Without including any pictures, copy every line below exactly.

• _Source material_:
* * * *
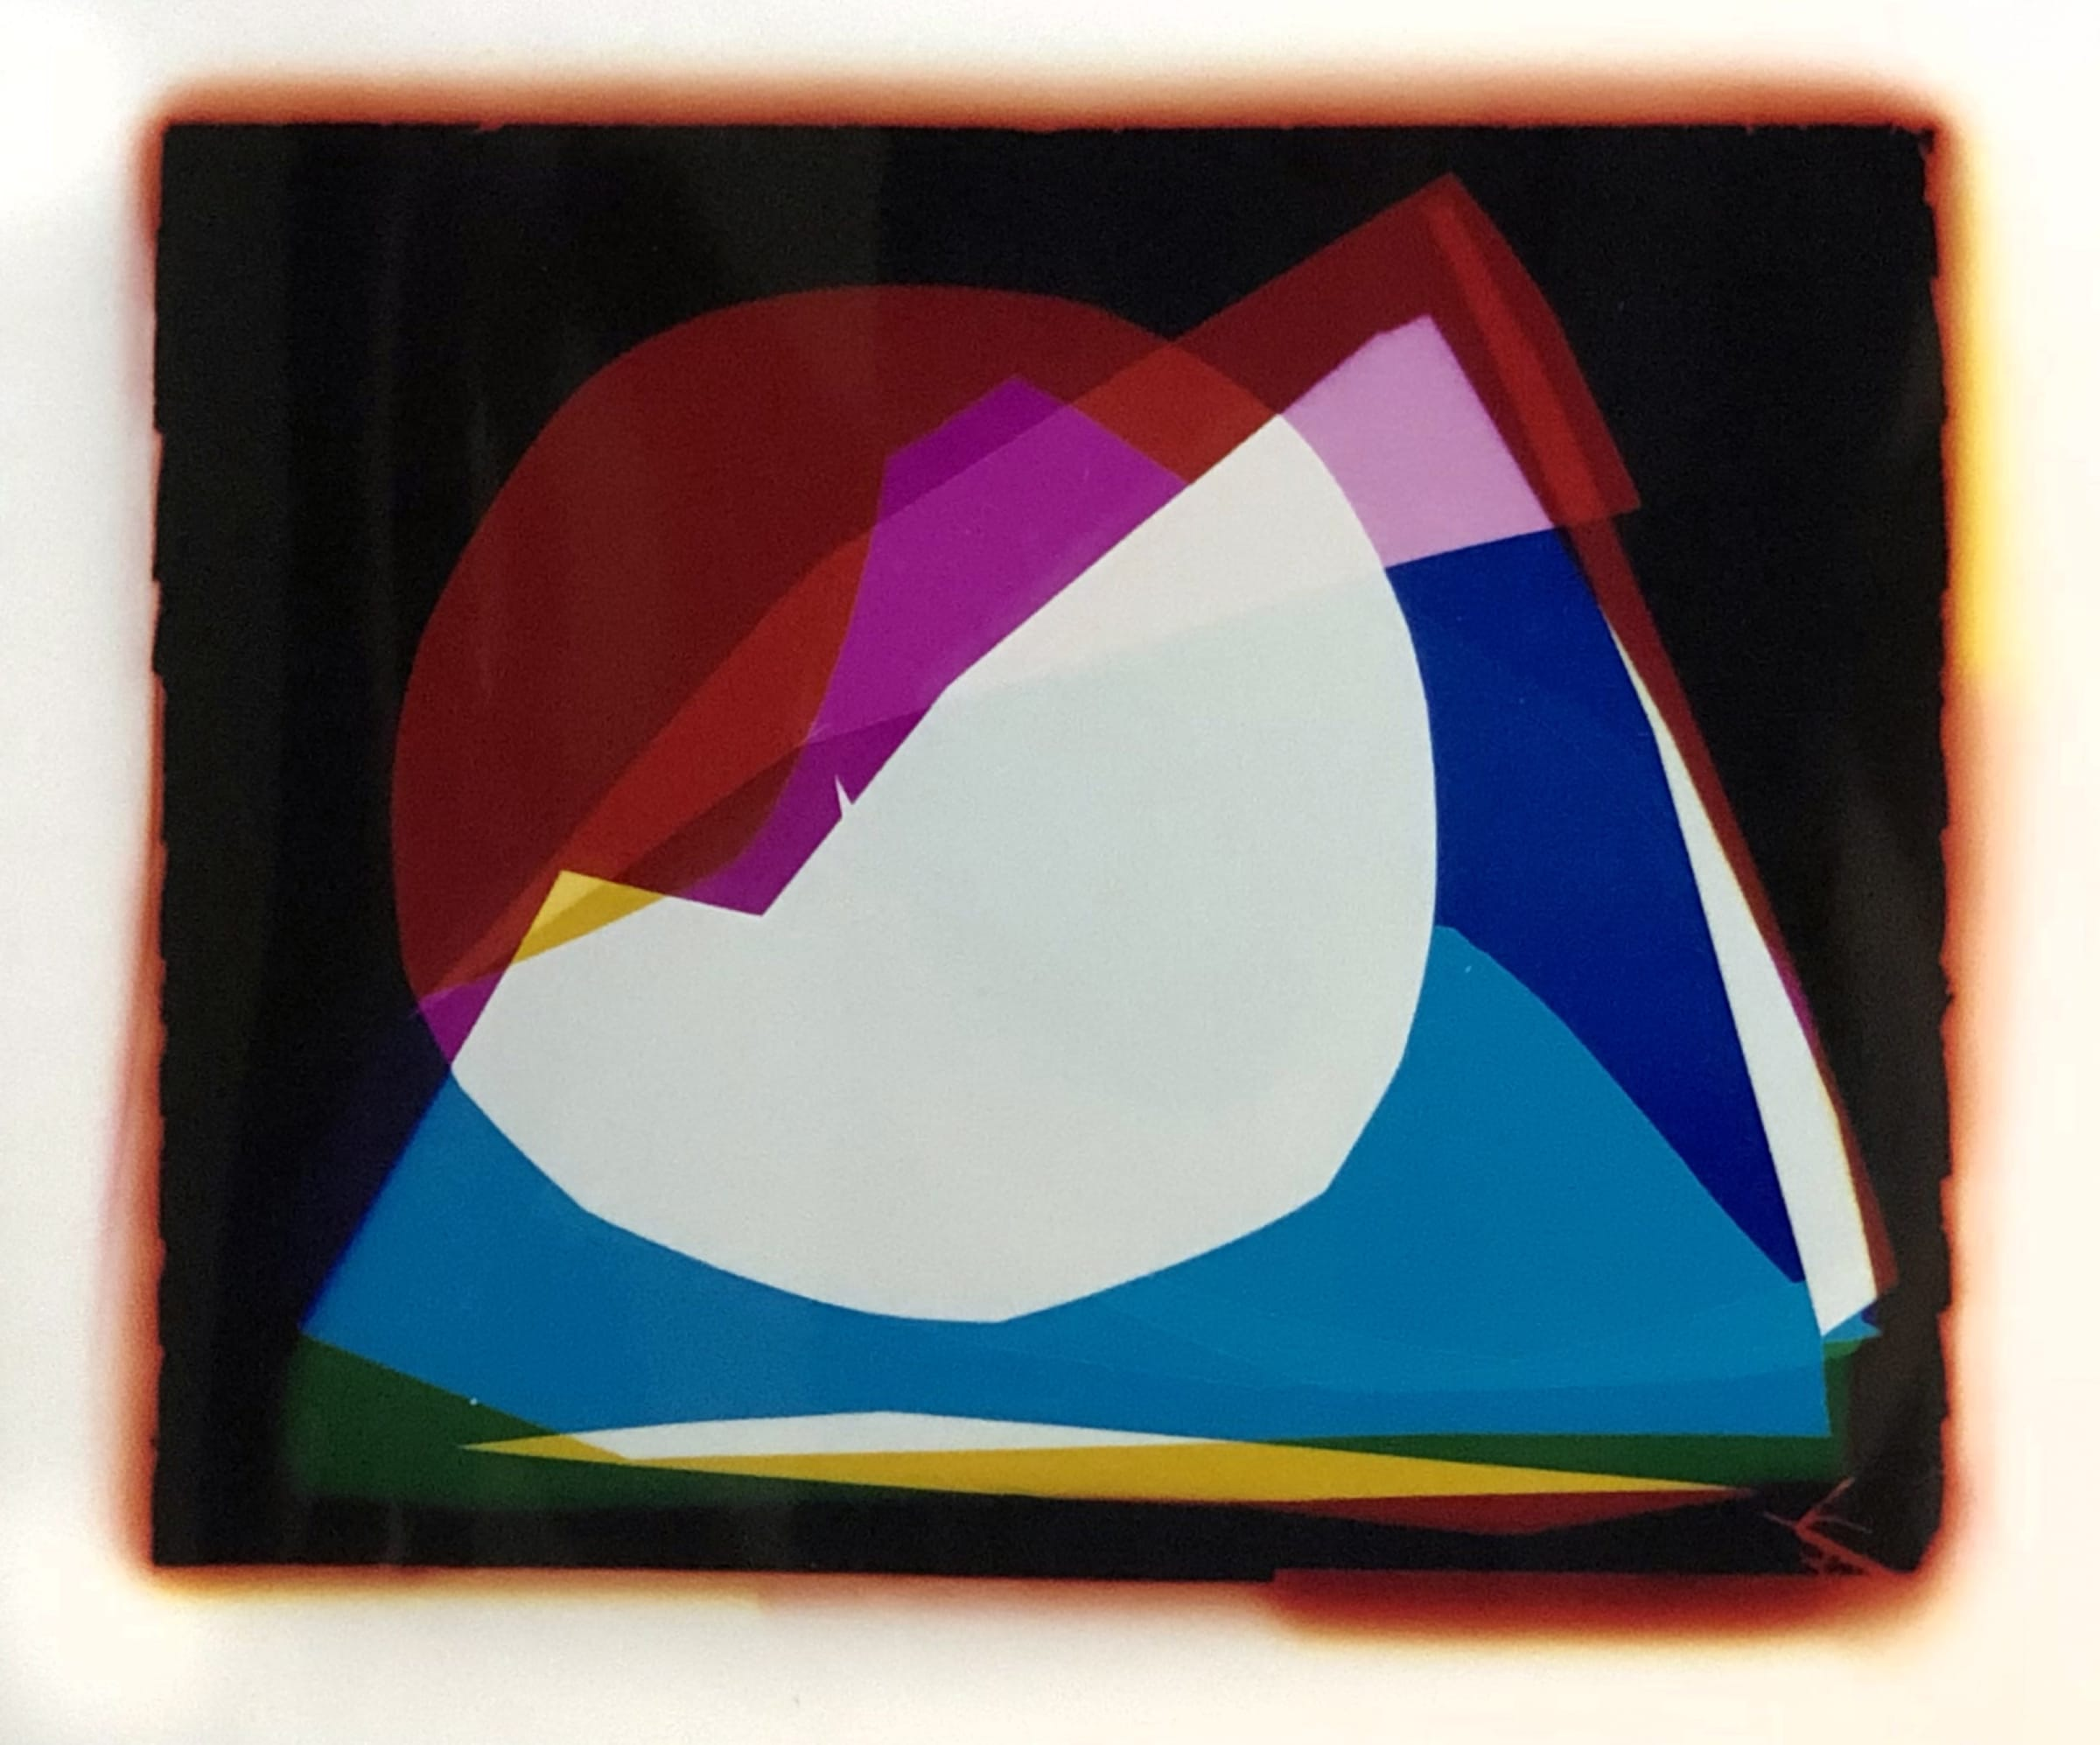 "<span class=""link fancybox-details-link""><a href=""/artists/26-liz-nielsen/works/349-liz-nielsen-full-moon-mountain-2019/"">View Detail Page</a></span><div class=""artist""><strong>Liz Nielsen</strong></div> <div class=""title""><em>Full Moon Mountain</em>, 2019</div> <div class=""medium"">Analogue Chromogenic Photogram on Fujiflex<br /> Unique</div> <div class=""dimensions"">10.2 x 12.7 cm<br /> 4 x 5 in<br /> Print only</div><div class=""copyright_line"">Copyright Liz Nielsen</div>"
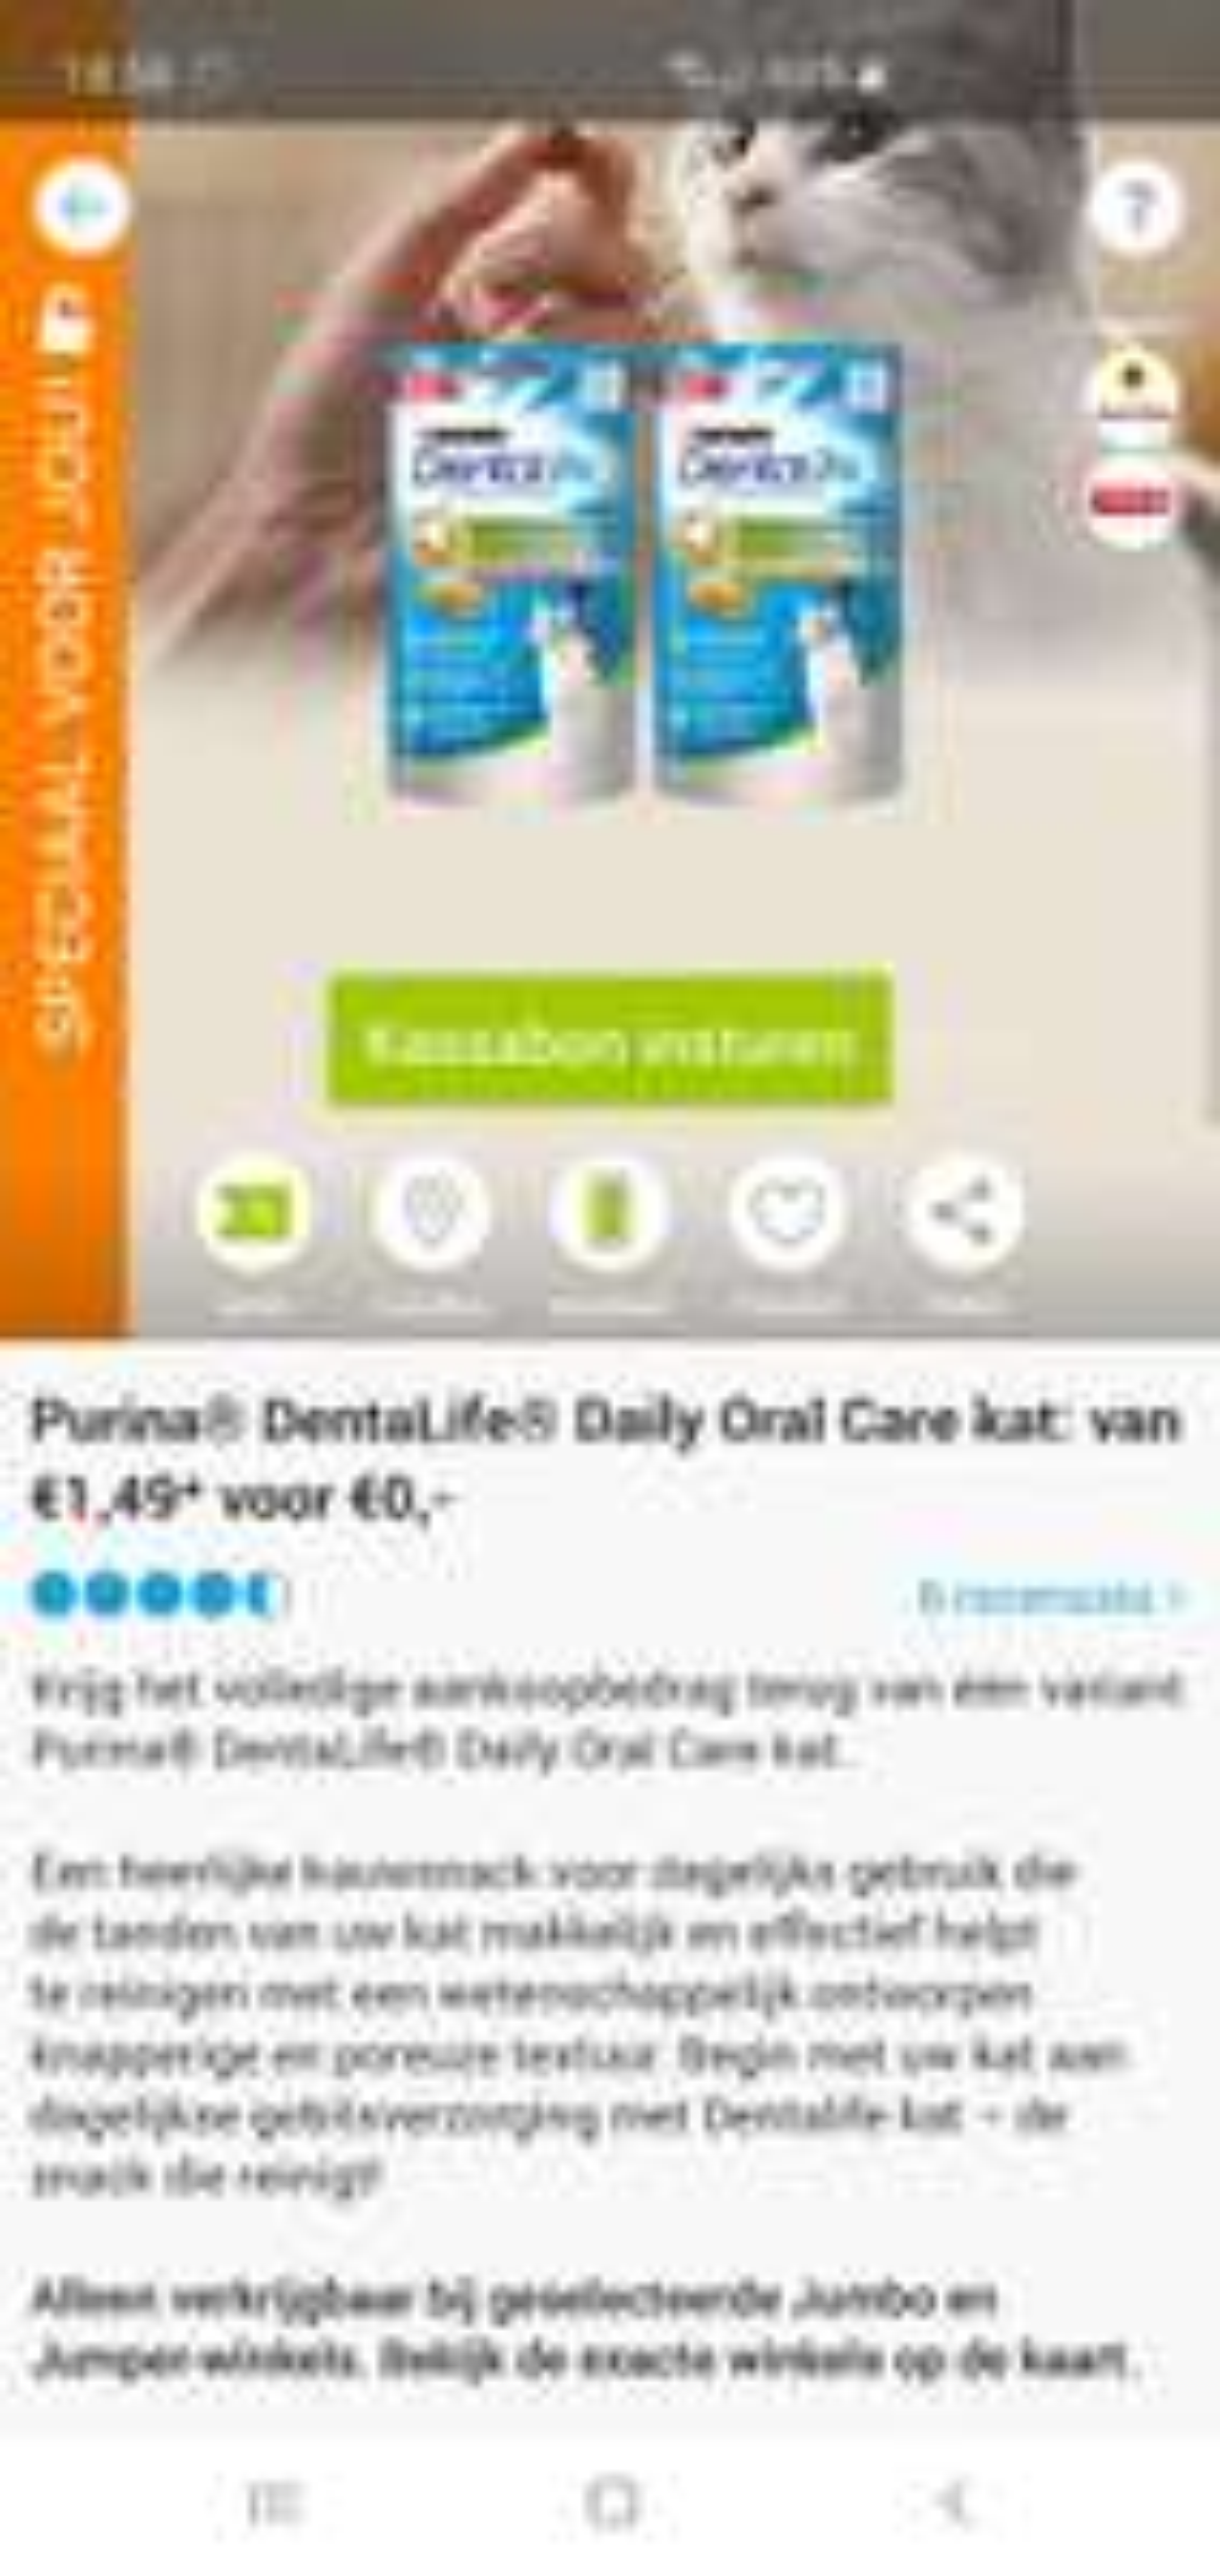 [Persoonlijk] Gratis Purina Dentalife Daily Oral Care Kat @Scoupy
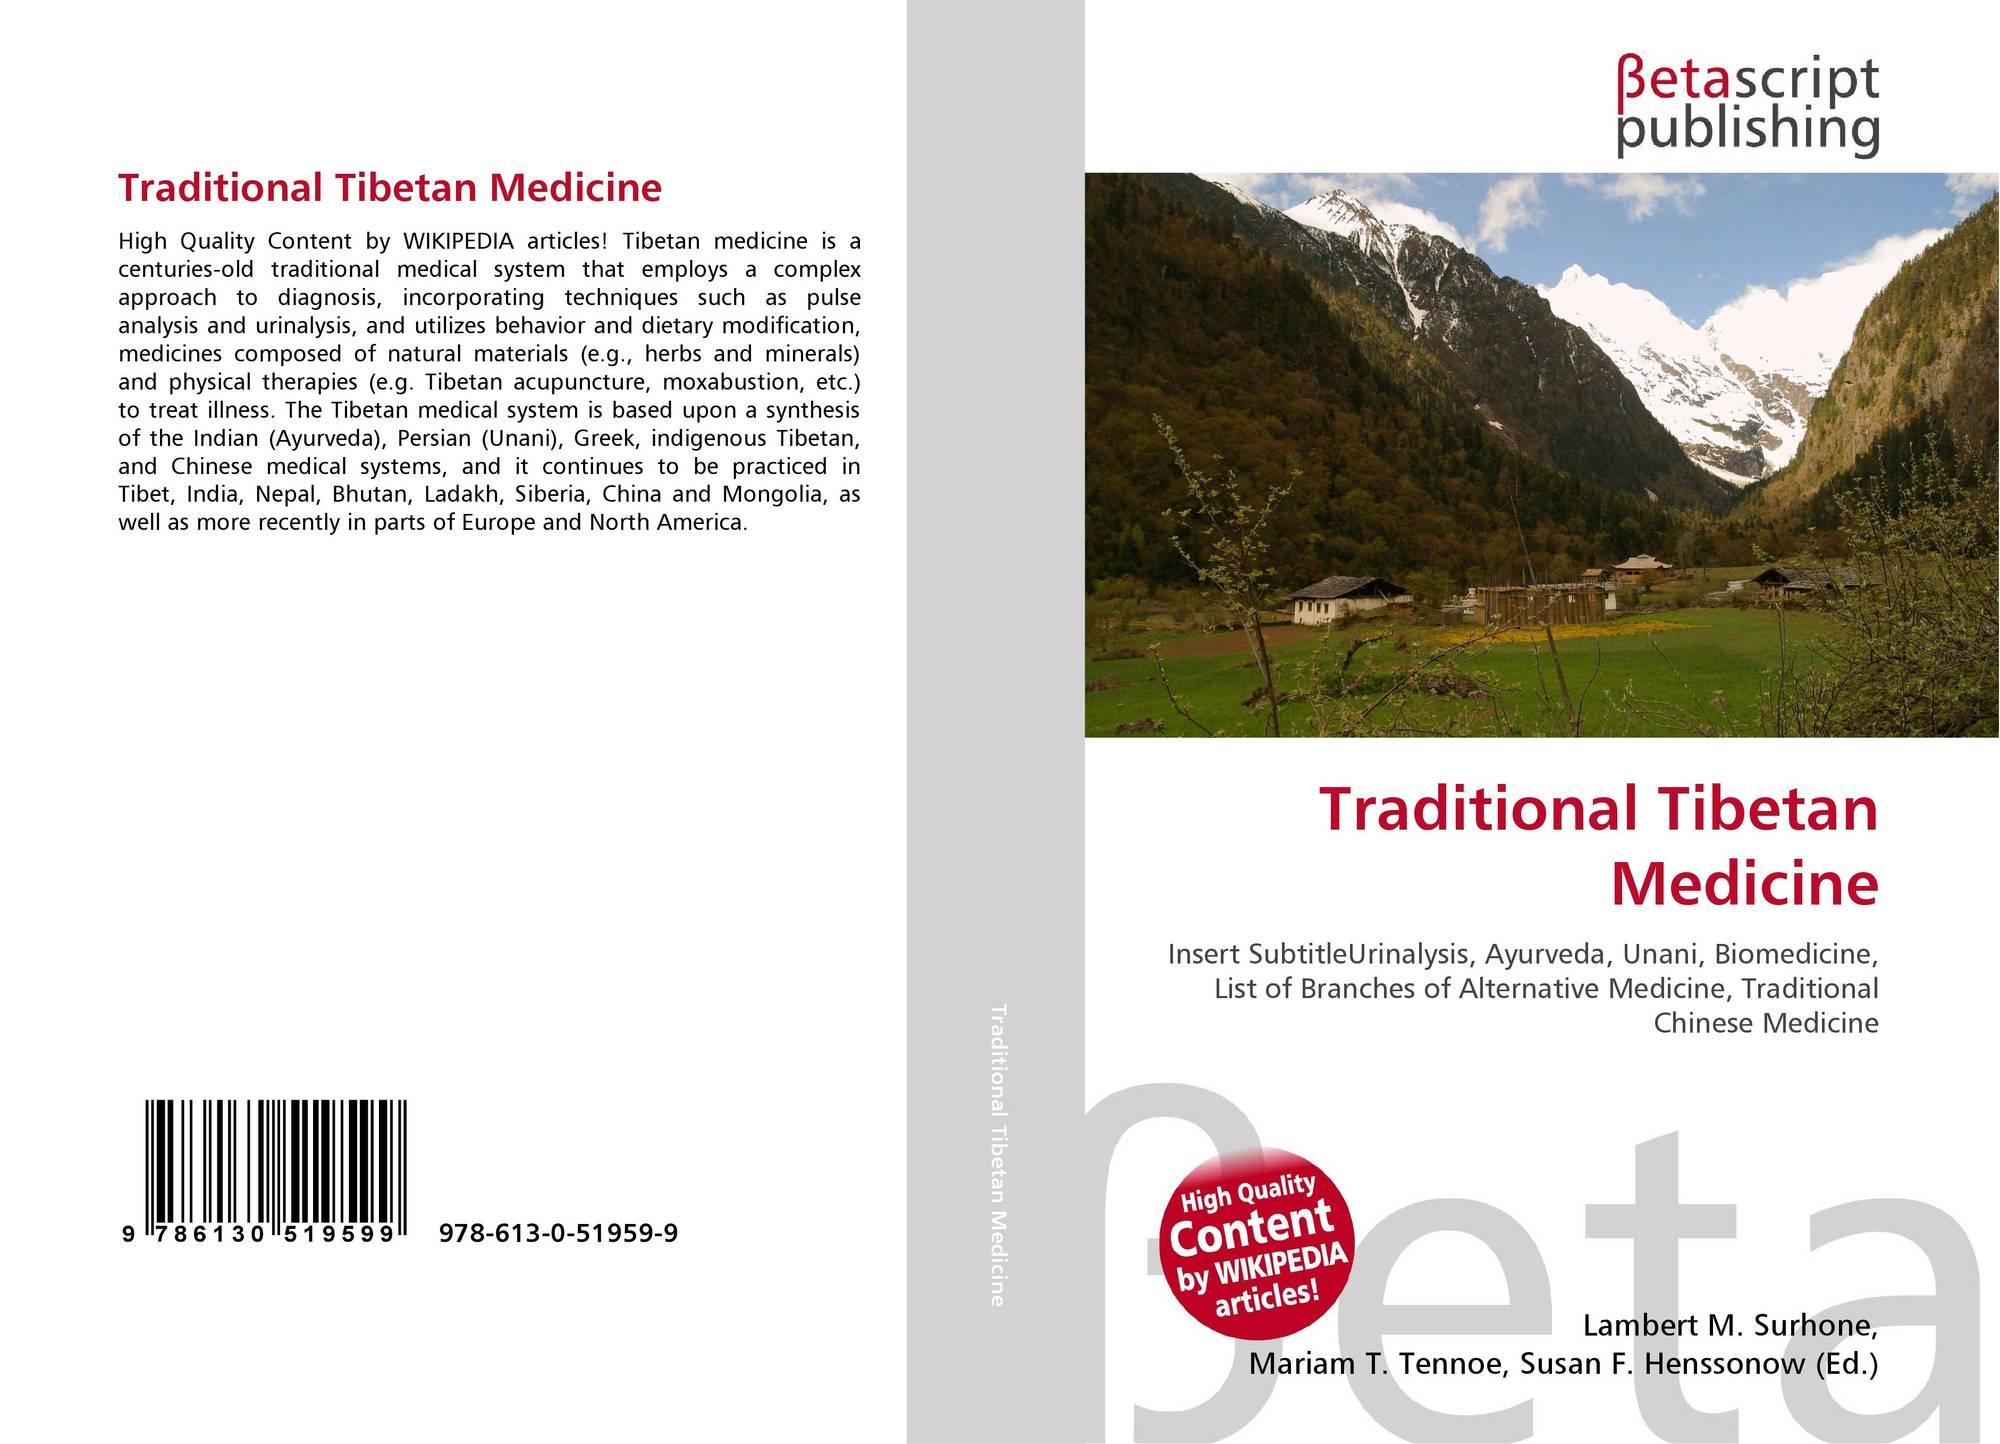 Traditional Tibetan Medicine, 978-613-0-51959-9, 6130519591
* * * *
• _Task result_:
 "<span class=""link fancybox-details-link""><a href=""/artists/26-liz-nielsen/works/349-liz-nielsen-full-moon-mountain-2019/"">View Detail Page</a></span><div class=""artist""><strong>Liz Nielsen</strong></div> <div class=""title""><em>Full Moon Mountain</em>, 2019</div> <div class=""medium"">Analogue Chromogenic Photogram on Fujiflex<br /> Unique</div> <div class=""dimensions"">10.2 x 12.7 cm<br /> 4 x 5 in<br /> Print only</div><div class=""copyright_line"">Copyright Liz Nielsen</div>"
 [Persoonlijk] Gratis Purina Dentalife Daily Oral Care Kat @Scoupy
 Traditional Tibetan Medicine, 978-613-0-51959-9, 6130519591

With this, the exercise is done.